_INPUT MATERIAL_
------------------------------
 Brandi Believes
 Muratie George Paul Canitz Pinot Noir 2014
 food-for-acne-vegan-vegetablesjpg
------------------------------
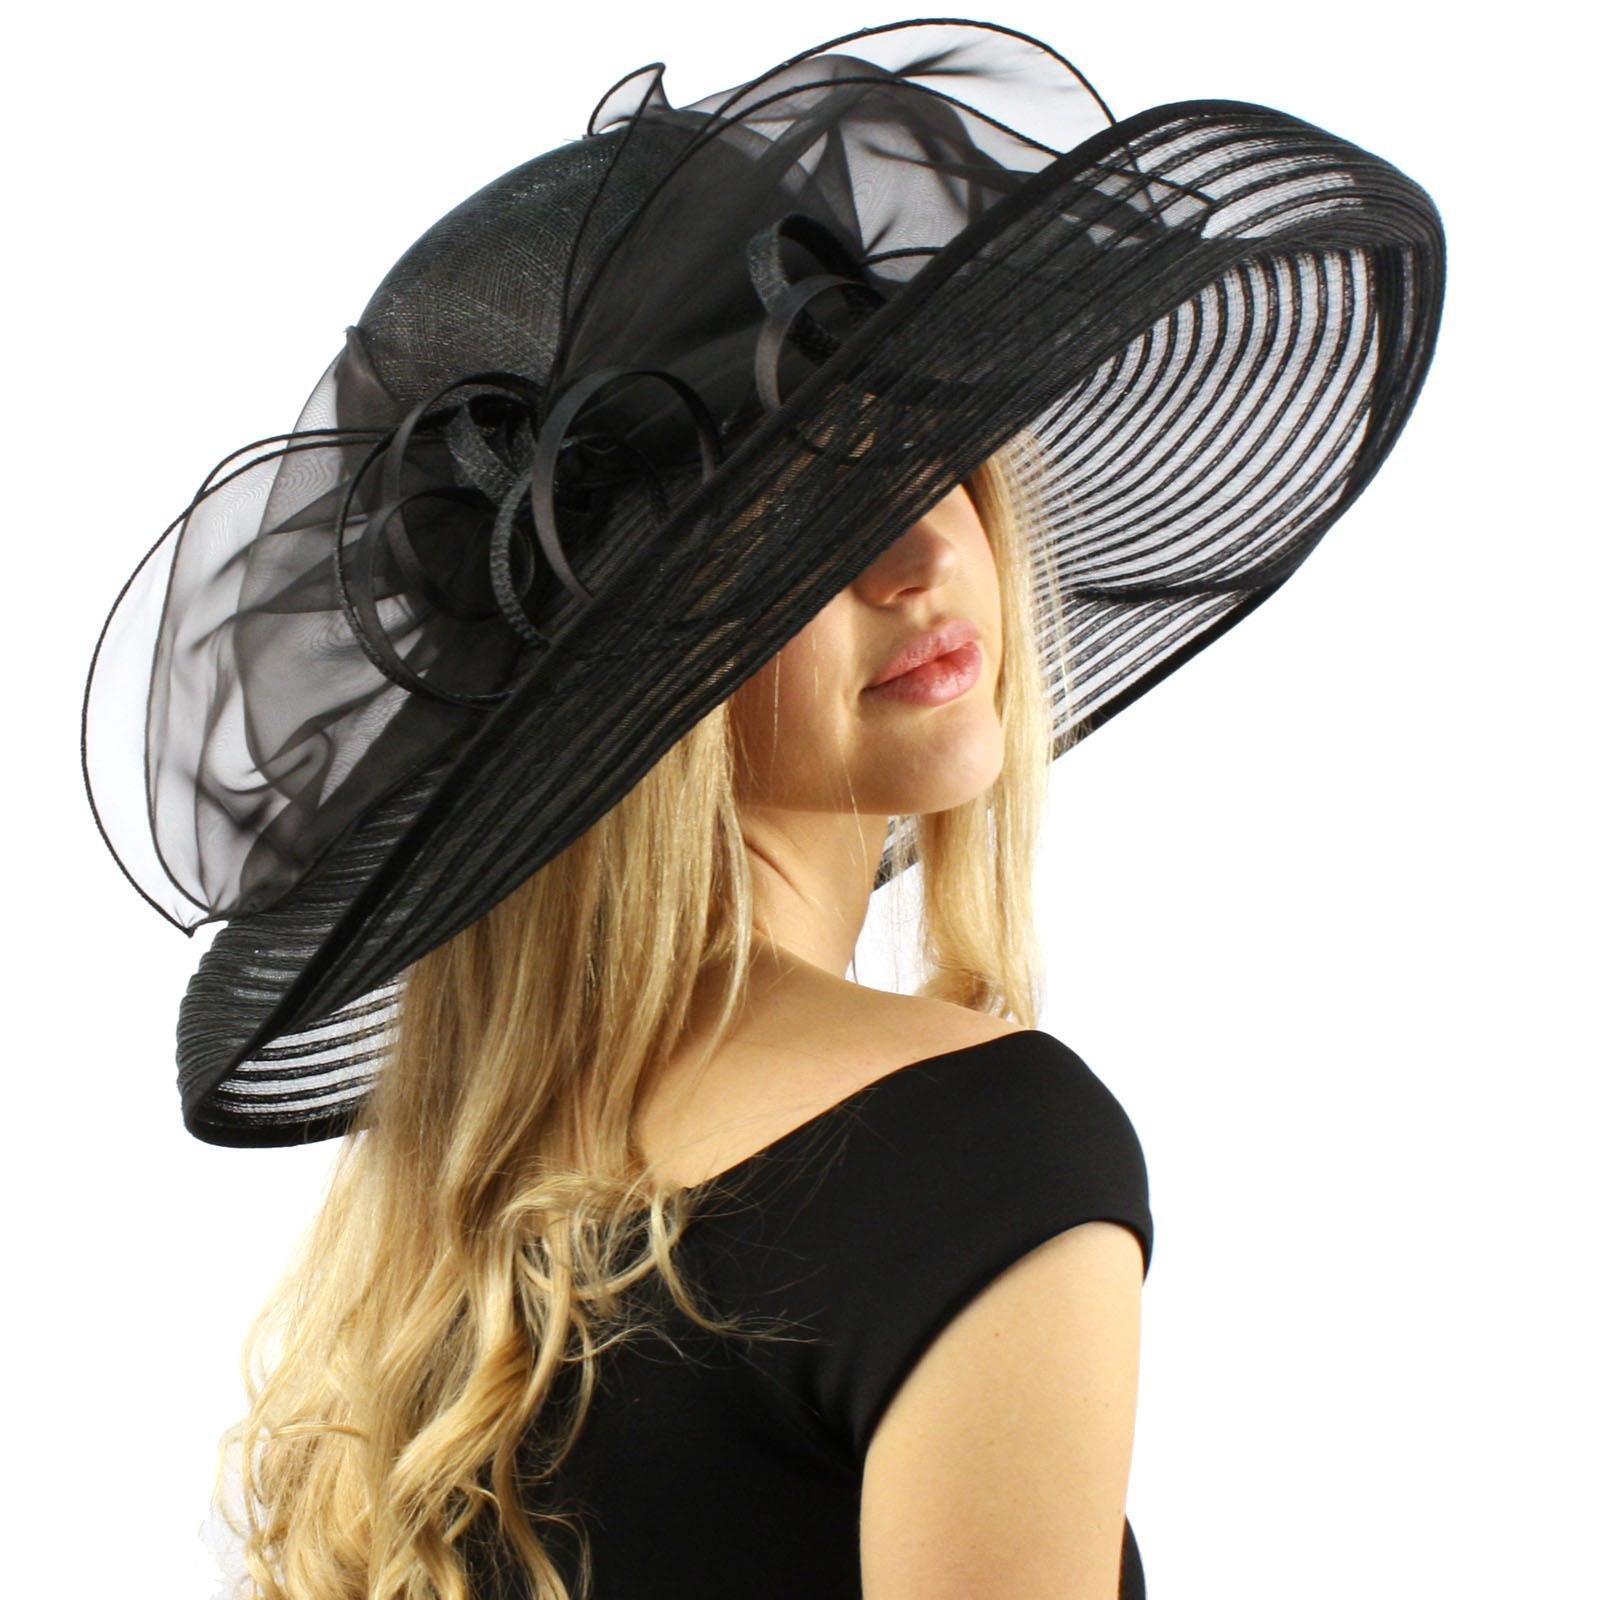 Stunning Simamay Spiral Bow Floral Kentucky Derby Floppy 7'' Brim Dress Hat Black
------------------------------
_EXERCISE INSTRUCTIONS_
Reproduce exactly the entries above, limited to the lines from the one with "Muratie George Paul Canitz Pinot Noir 2014" through the one with "food-for-acne-vegan-vegetablesjpg", both included.

_TASK ANSWER_
 Muratie George Paul Canitz Pinot Noir 2014
 food-for-acne-vegan-vegetablesjpg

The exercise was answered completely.